We’ve all been there… we’ve been mid-conversation with our partner and then at some point (it often feels sudden), we find the conversation going from mutual collaboration to feeling defensive, which typically looks one of three ways:

  • Avoidant or “No way.” We shut down, stop listening, retreat or isolate
  • Accommodative or “Your way.” We give up, become passive, feel defenseless, act as a martyr (perhaps in order to end or avoid conflict)
  • Aggressively competitive or “My way.” We refuse to listen, we steamroll, aggressively assert our own needs and refuse to compromise

The thing is, none of these communication styles are healthy — meaning they don’t allow us to meet our own needs, the needs of our partner, or the relationship’s needs.

Here are some tips for communicating with your partner without getting defensive:

Actively listen. Stay present with your partner by intentionally focusing on what they are saying and how they are saying it.
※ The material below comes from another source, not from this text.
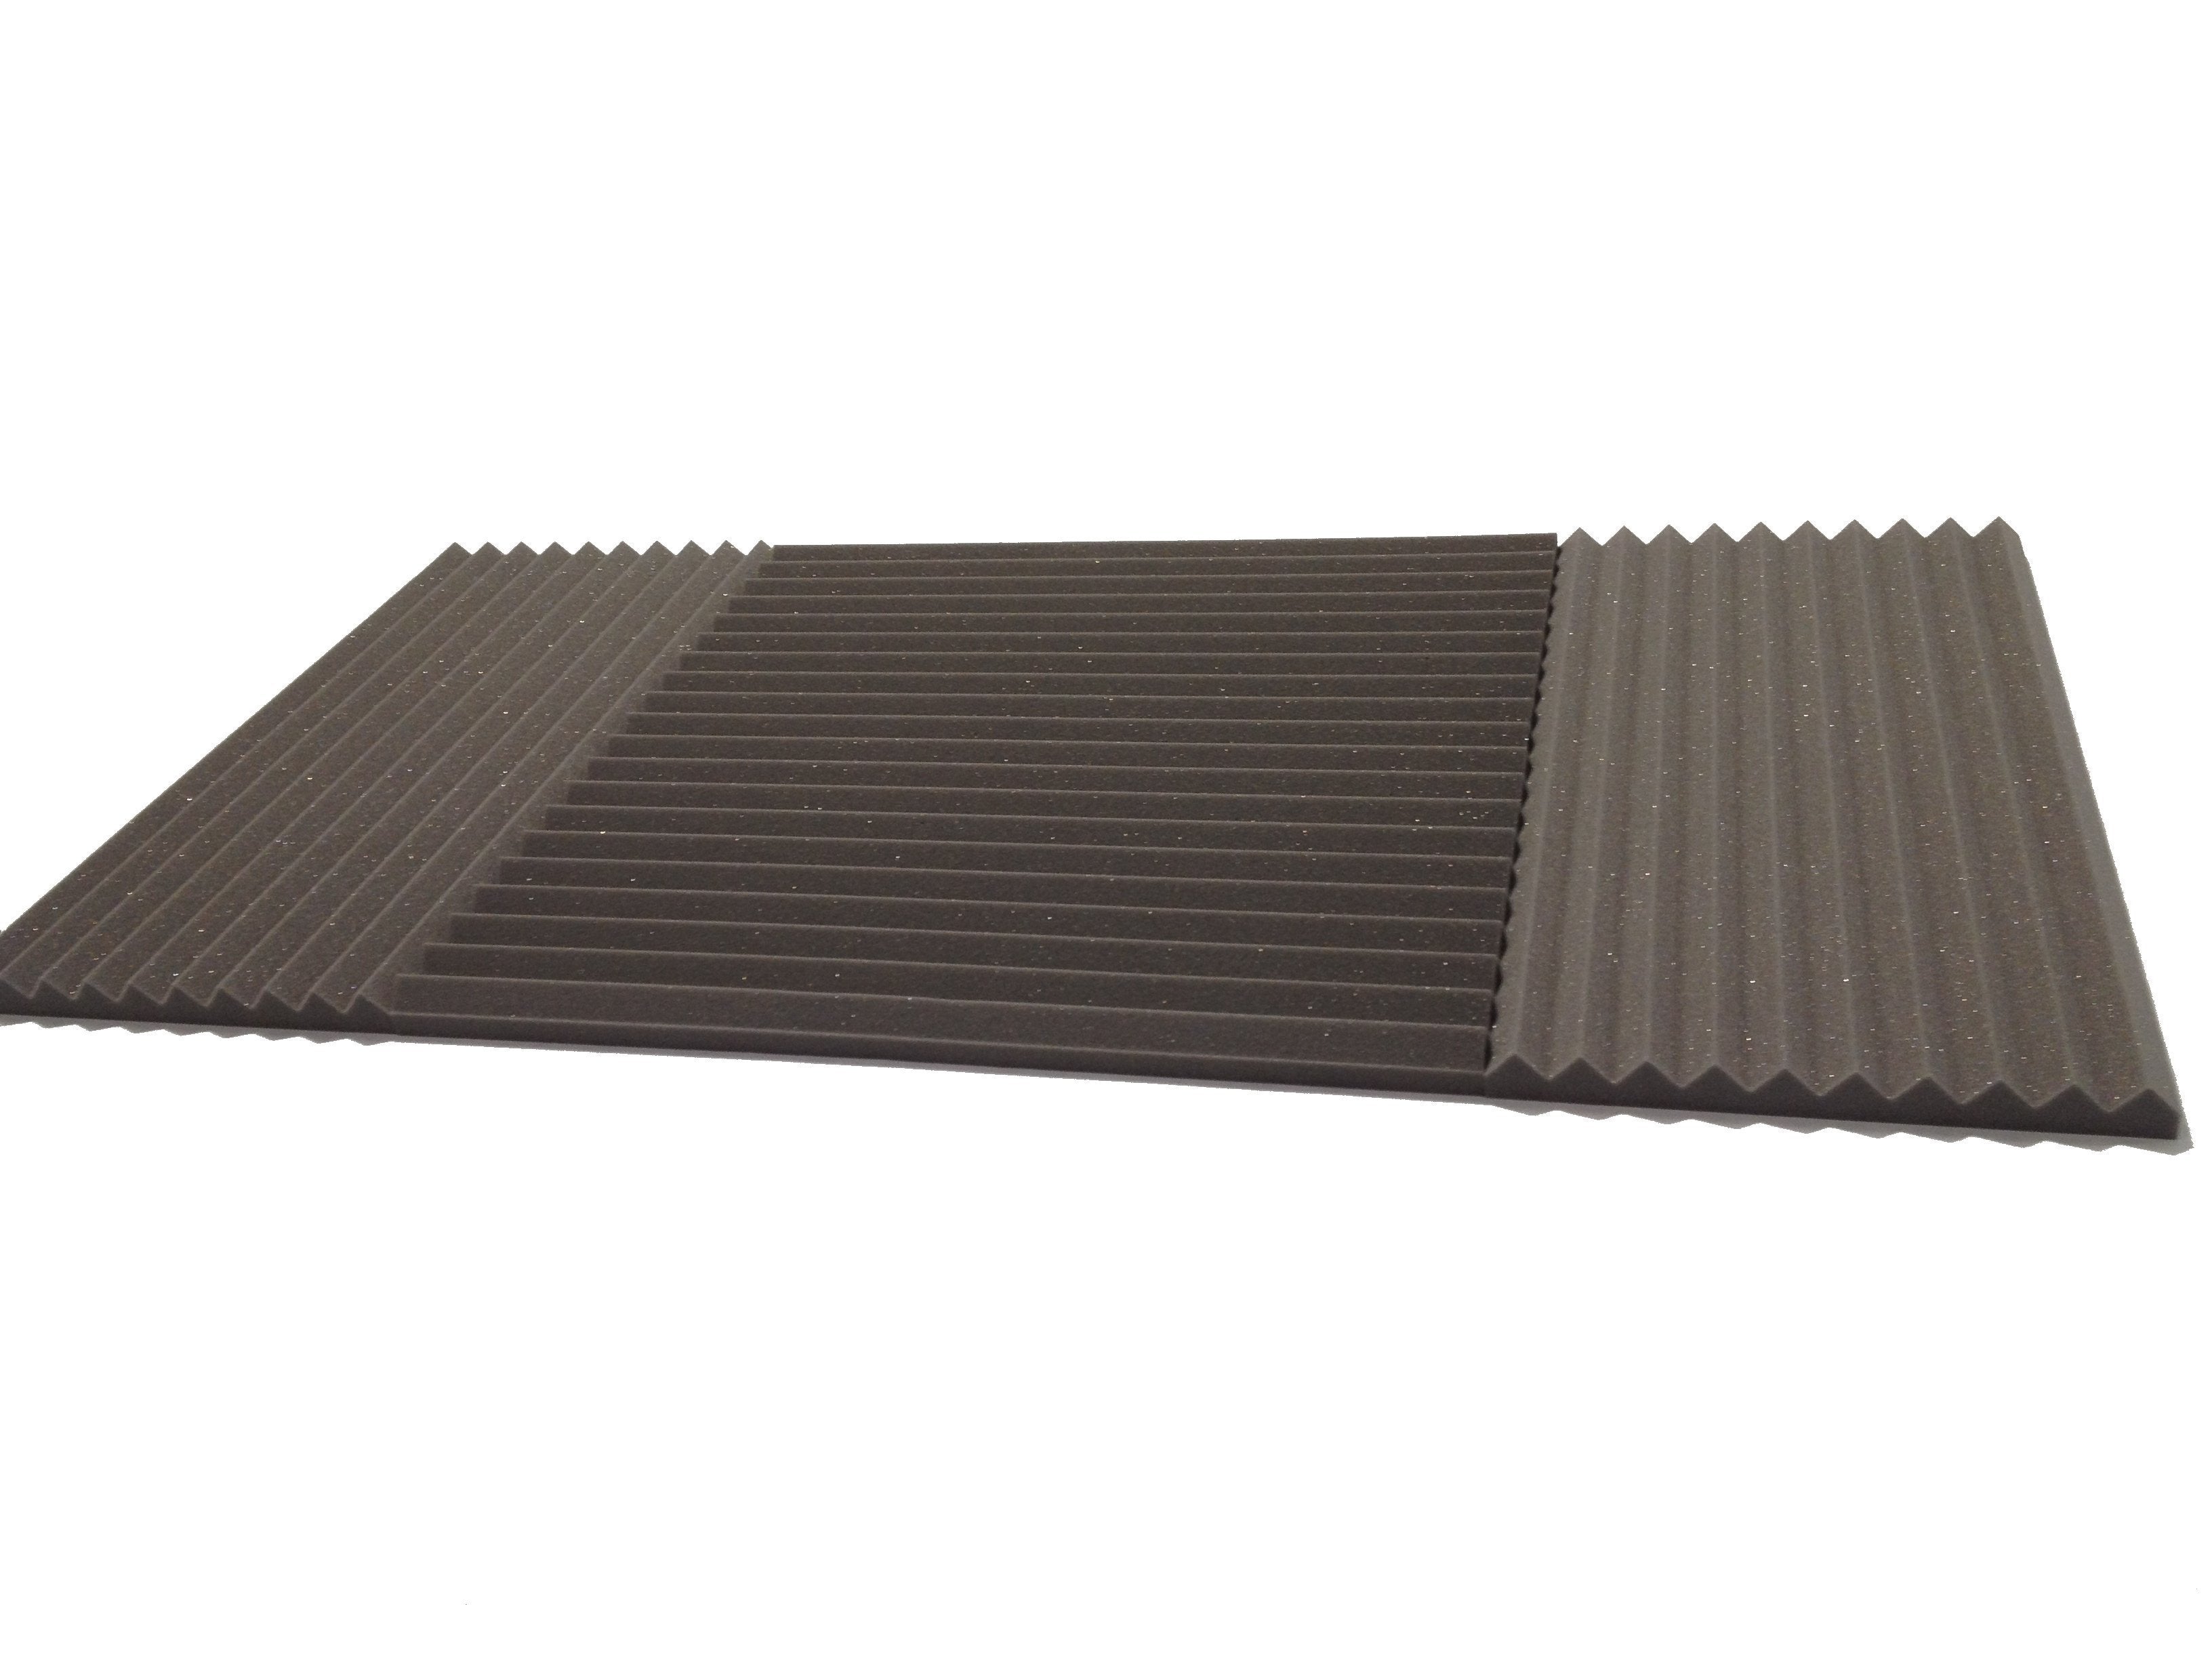 Wedge 30"x15" Acoustic Studio Foam Tile Kit - Advanced Acoustics

Face your partner, make eye contact, and give non-verbal (e.g., nodding) and verbal feedback (e.g., saying “uh huh” or “go on”).

By actively listening and staying present, we can avoid common triggers that lead to defensiveness, such as: “tuning out” our partner (this may make our partner feel ignored), assuming we know what our partner is saying, or getting caught up in our own thoughts or feelings, which may escalate the situation.
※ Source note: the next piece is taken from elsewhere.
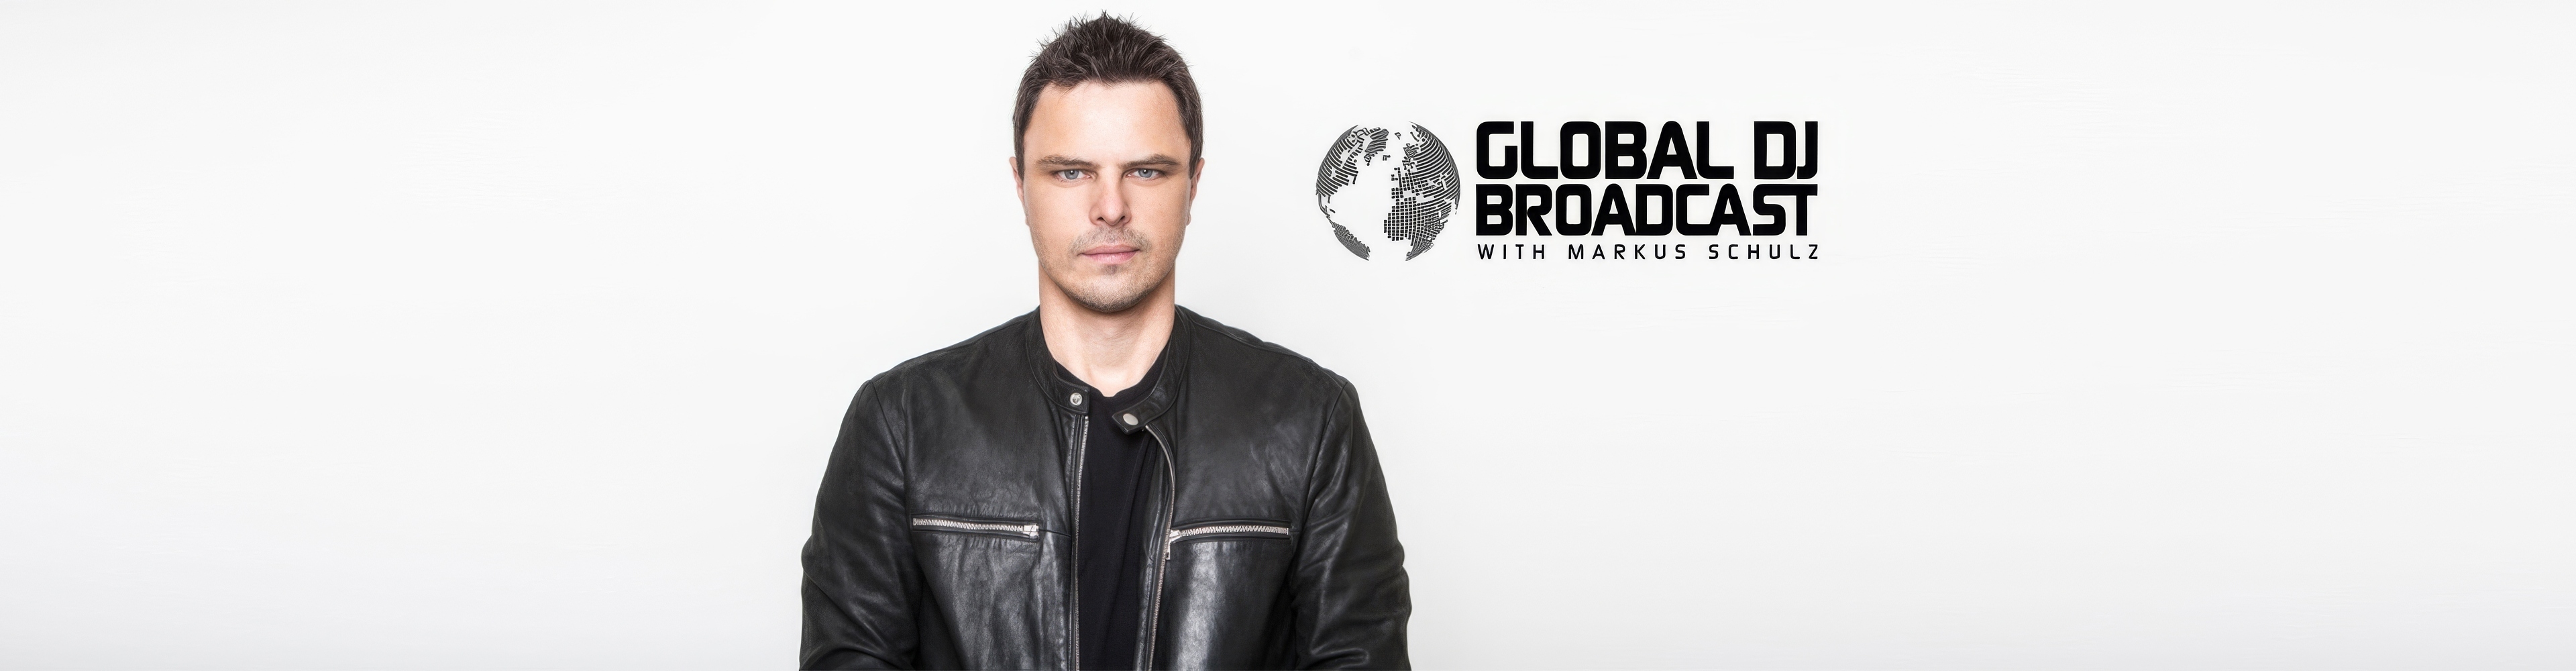 Markus Schulz presents Global DJ Broadcast

Avoid Mind Reading. We often make assumptions as to what our partner is thinking, feeling, or even saying. These assumptions are often unintentional and occur because we feel so connected to our partner that our brains automatically start connecting the dots that we think exist.

Building upon the previous skill of actively listening, we must also take a non-judgmental stance towards our partner. We are human, we are not mind readers — meaning we do not always know what the other person is truly thinking or feeling.

We must non-judgmentally listen to our partners so that we can do our best to understand their perspective, not our take on their perspective.

Validate. After actively listening and avoiding mind reading, take a moment before responding to your partner. Our first response is not always the best and will result in the other person getting defensive or disengaging. Allow for you and your partner process what is happening and what is being said. 

Then, validate your partner by expressing or reflecting your partner’s emotion or thought back to them. Some examples: “You are disappointed and frustrated with how work is going right now.” “You’re feeling like you are taking on more responsibility at home lately.”

Validation is an emotional diffuser.

Oftentimes, after validation, any defensiveness will dissolve and we can then move to a place of mutual collaboration and problem solving so that our, our partner’s, or the relationship’s needs can be met.


How do you handle not getting defensive with your partner? Or how do you handle your partner when they get defensive?